El presidente de la República, Andrés Manuel López Obrador, aseguró que al adentrarse en las investigaciones sobre la desaparición de los 43 estudiantes normalistas de Ayotzinapa, encontró “cosas raras” y las atribuyó a la actuación en el caso del prestigioso Centro de Derechos Humanos Miguel Agustín Pro Juárez (Centro Prodh)
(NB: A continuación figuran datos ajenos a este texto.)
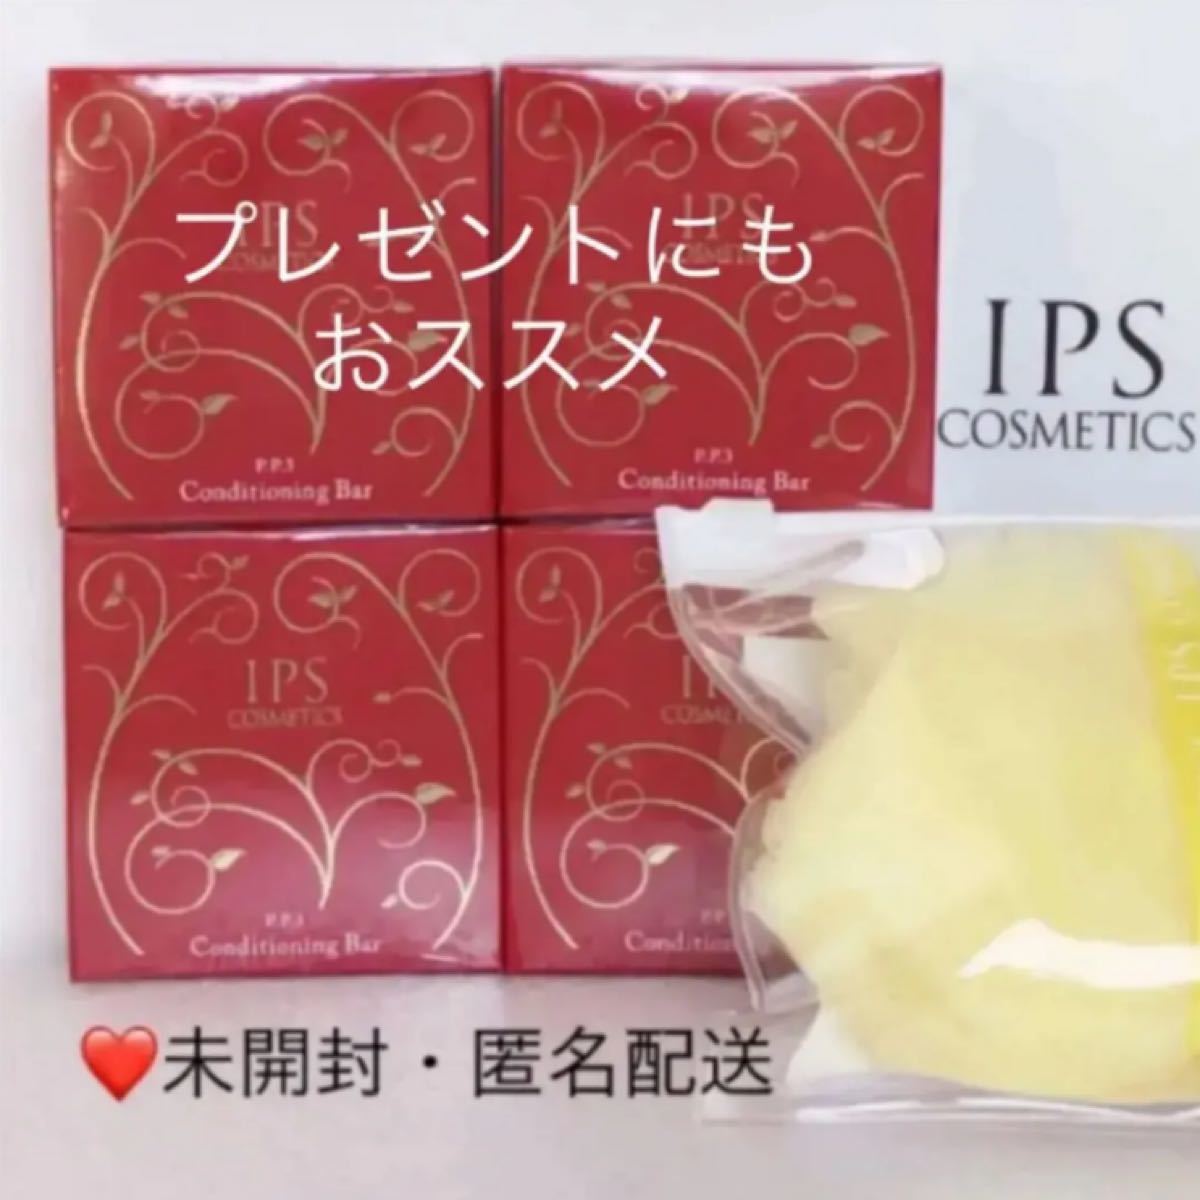 日本限定 IPSコスメティックス 化粧石鹸 泡立てネット付 ad-naturam.fr

“Con lo de la desaparición de los jóvenes de Ayotzinapa, me metí a ver todo, me estoy metiendo a ver todo. Declaraciones de detenidos, los torturados y todo. Y me estoy encontrando cosas raras, muy raras, o sea, porque está enmarañado todo el asunto”, dijo ayer el presidente en su conferencia de prensa matutina.
“Se habló del pacto de silencio, pero hay más que eso, con el propósito de que no se conocieran los hechos, eso es lo que yo supongo, que no se lograra nunca conocer la verdad con el propósito de dañar al Estado mexicano, de socavar a instituciones, es mi hipótesis”, añadió.
Aseguró que el Centro Prodh, se ha ido “echando a perder”, y agregó que no entendió los motivos por los que no intervino de forma activa para exigir que se abriera un proceso judicial contra quienes participaron en la creación de la llamada “verdad histórica, concretamente del ex procurador Jesús Murillo Karam.
“¿Cómo es que los del Prodh, que son defensores de los derechos humanos y además están asesorando a los padres (de los 43), no exigían o no pedían, sobre todo sus abogados, que se castigara a quienes inventaron la llamada verdad histórica?”, preguntó.
Afirmó que “lo que más me llamó la atención es que cuando tomamos la decisión, porque hay elementos de que son responsables y se toma la decisión, de que se soliciten las órdenes de aprehensión y se detiene a estos personajes del más alto nivel, incluso a militares, los defensores de derechos humanos, los abogados, en vez de reconocerlo, me reclaman que se habían hecho mal las cosas”.
Recordó el caso de detenidos que alegaron que fueron torturados para sacarles una declaración a modo sobre los hechos y posteriormente fueron protegidos por defensores de derechos humanos cuando había evidencia de su participación, y después fueran dejados en libertad.
“Por un lado defienden a las víctimas, pero por el otro lado, participan para dar la libertad a los que argumentan con elementos o no de que fueron torturados y eso lleva a que los dejen libres. ¿Por qué me entero de esto? Porque tengo las pruebas de que los que supuestamente habían denunciado que habían sido víctimas de tortura después declaran, como testigos protegidos libres, de que sí habían participado” en la desaparición de los 43 normalistas de Ayotzinapa en Iguala.
Acusa a Álvarez Icaza y a la CIDH de la liberación de involucrados
Aseguró que los abogados que hicieron las gestiones para la liberación de supuestos involucrados están relacionados con el senador Emilio Álvarez Icaza, a quien volvió a calificar de “farsante”, y la Comisión Interamericana de Derechos Humanos (CIDH).
Desde la zona de reporteros, se le preguntó directamente si el abogado Vidulfo Rosales se encontraba entre los asesores en cuestión.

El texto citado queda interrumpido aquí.